Редко кому удавалось стать наставником раньше 30 лет, а Марту только 25. Пусть процедуры займут еще год-полтора – экзамены, проверки, защита идей, – это все равно невероятно.

Звание наставника совершенно другой уровень. Богатые люди готовы платить любые деньги, чтобы их детей воспитывал живой человек. А личным воспитателем может быть только наставник. Можно вообще открыть свою школу, продвигать свои идеи и методы.

Именно об этом мечтал Март. По дороге домой после того разговора с руководством он представлял в грезах «Леонидов-лицей» или «Школу гениев Марта Леонидова». Каким прекрасным местом оно станет! Март видел как наяву свой директорский кабинет и себя, седого и величественного, в кожаном кресле. А за спиной обязательно будет стоять книжный шкаф со старыми бумажными книгами.

Бумажные книги – это очень аристократично. Особенно в потертых толстых обложках.

Вокруг него в его мечтательном видении стояли бывшие ученики: великие изобретатели, властители мира, прославленные поэты. Они аплодировали своему учителю.

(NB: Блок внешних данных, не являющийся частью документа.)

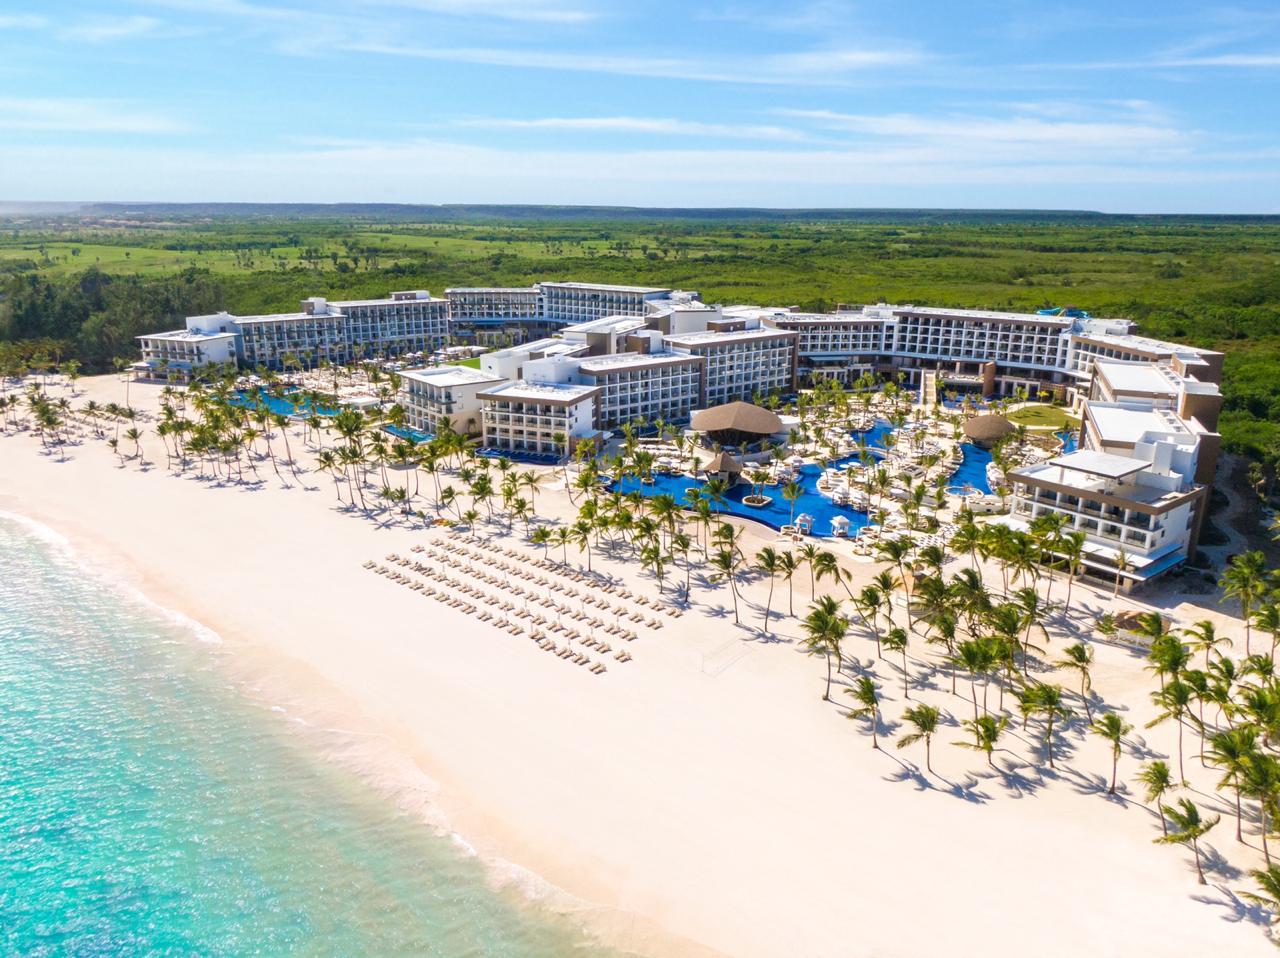 Playa Hotels & Resorts inaugura dos nuevos resorts en Cap Cana con presencia del presidente Medina
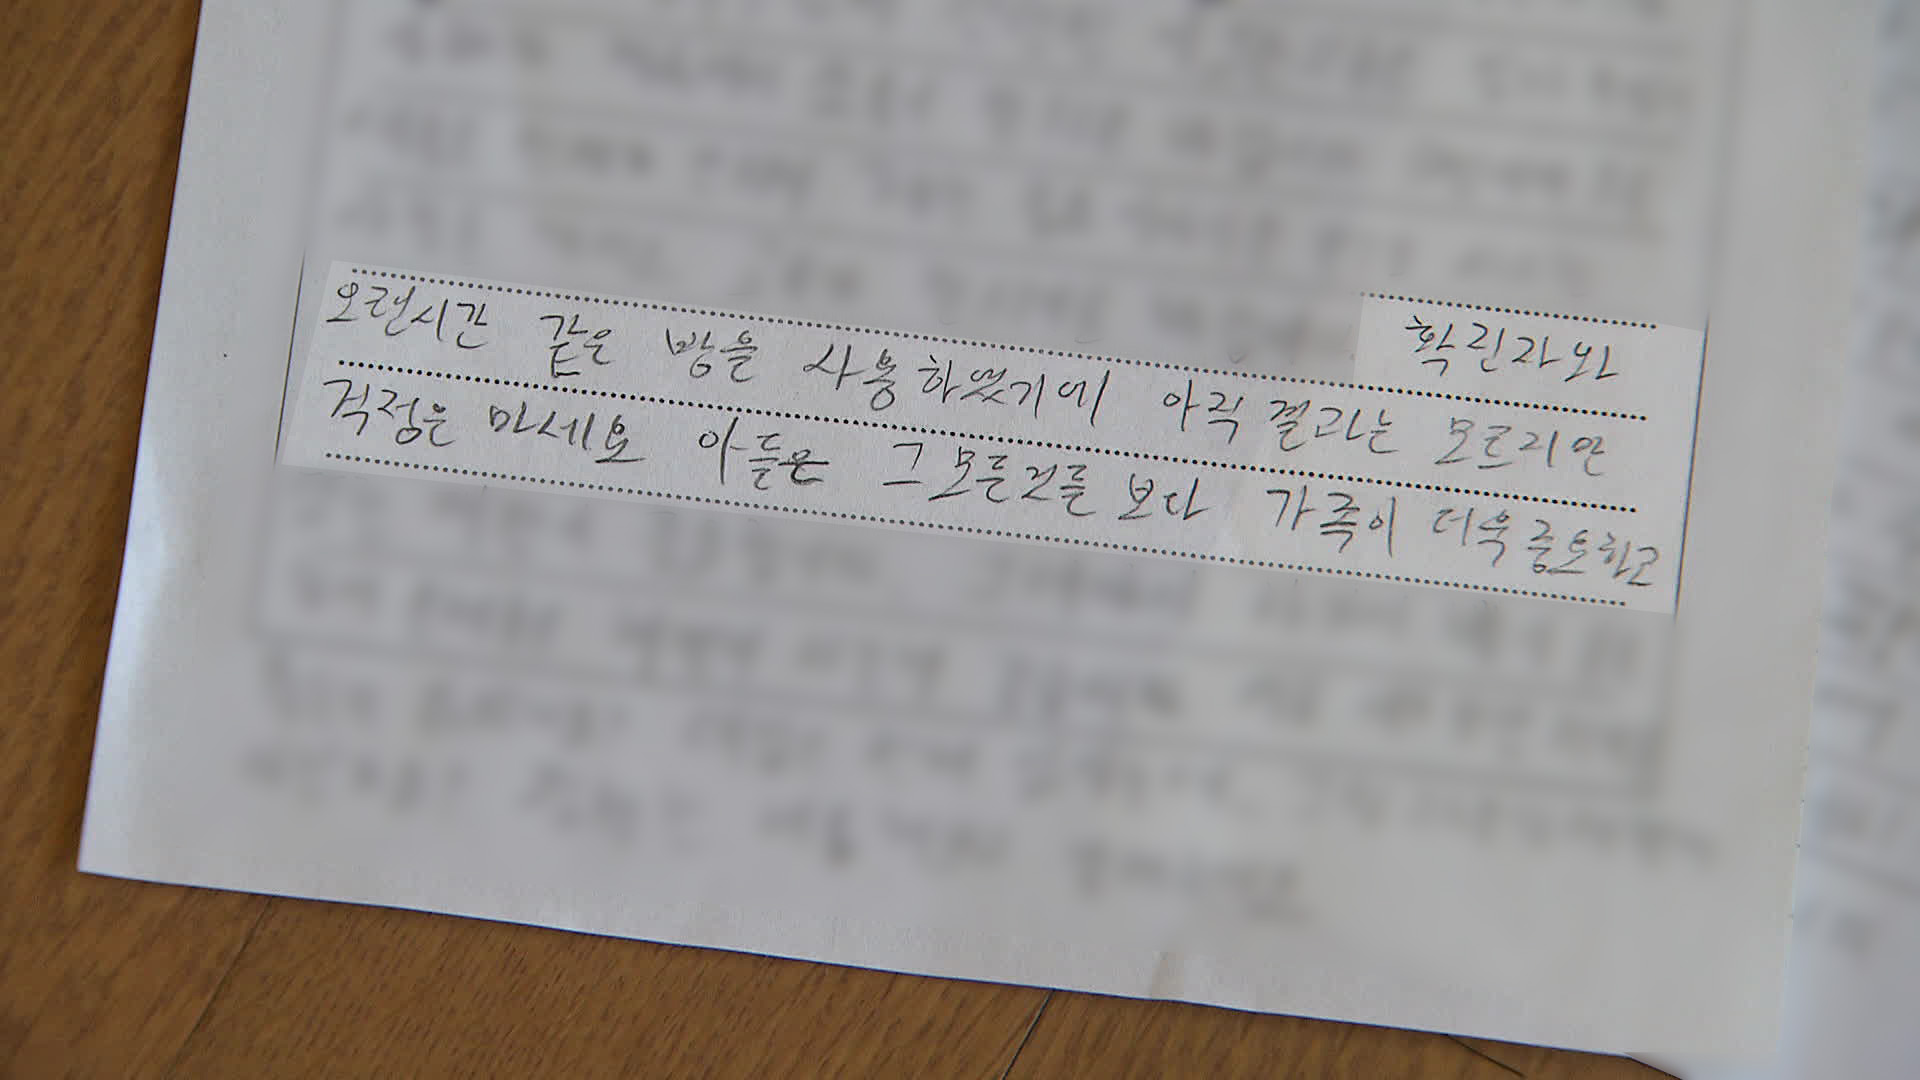 동부구치소에 수감 중인 김 모 씨가 지난달 가족에게 보낸 편지

Но удача никогда не приходит одна. Не успел он остыть от одной приятной новости, как в продажу поступили домашние роботы в облике Лаллы Рук. Только представить: Лалла Рук!! В его доме!!!

Жизнь и вправду прекрасная штука.

При заказе можно было выбрать любой образ Лаллы Рук для первоначальной доставки: из фильмов, светской хроники, что-нибудь на свой вкус.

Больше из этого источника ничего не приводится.